Cambodian chef and restaurateur

Seng Sothea (សេង សុធា; born in 1984 in Kampong Cham Province, Cambodia) is a Cambodian chef and restaurateur. Owner of Palate Angkor, Hot Stone Café, Mahob, Lava and Lum Orng restaurants.

== Biography ==
Seng Sothea was born in Kampong Cham Province in a family of poor rice farmers. At the age of 10, he started helping his family in the kitchen with cooking and food preservation. In 1999 they moved to Siem Reap where Sothea started working as a waiter at the age of 15. A year later he got a job at the Sofitel Angkor Phokeethra as a kitchen hand and few years later started working at Le Méridien Angkor as chef de partie.

After being recommended by a friend to the hotel's head chef, Sothea went to Dubai to work for the Grand Hyatt. Afterwards, Sothea also worked for Andiamo, Indochine, and Manhattan Grill. In 2008 he returned to Cambodia and started working as an executive chef at Nest, then as an executive chef and F&B manager in Plantation Hotel in Phnom Penh and finally Metro and Hakkasan restaurants.
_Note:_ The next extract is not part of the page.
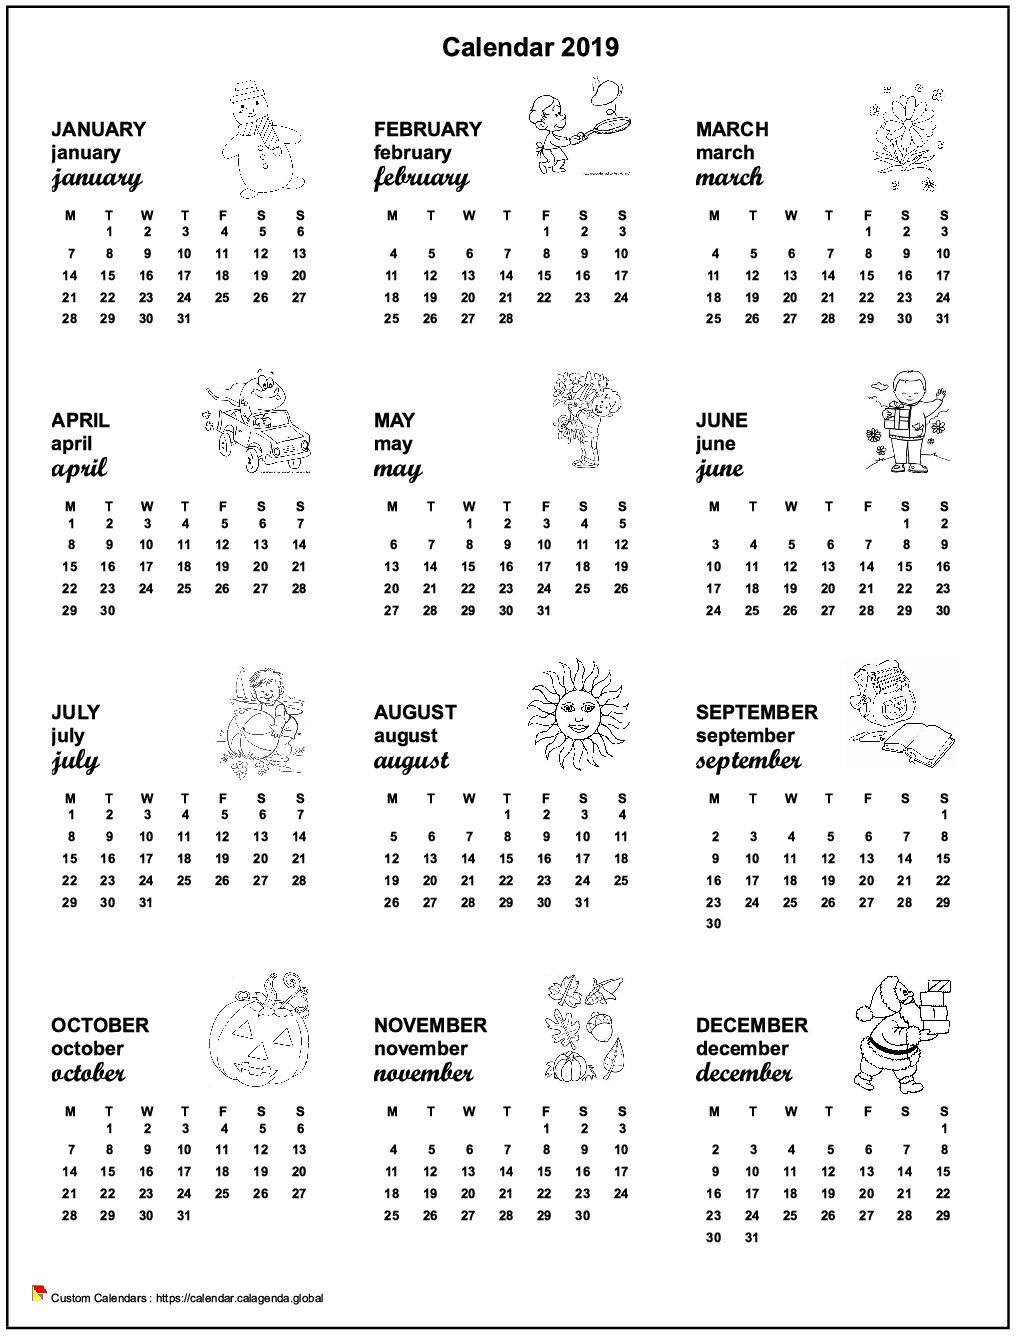 Calendar 2049 annual maternal and primary school

In January 2014 Sothea opened a barbecue restaurant Hot Stone Cafe in Siem Reap together with his wife Sonita Chou. The same year on July and November he opened his third restaurant Mahob serving Cambodian cuisine and fourth restaurant Lava serving Cambodian, Chinese and other Asian cuisine, as well as fusion cuisine. On 1 June 2019, in outer Siem Reap Sothea opened Lum Orng, Cambodia's first farm-to-table restaurant. In 2021 Lum Orng was one of three restaurants in Cambodia to be included in the Asia's 50 Best Restaurants' "Essence of Asia" list.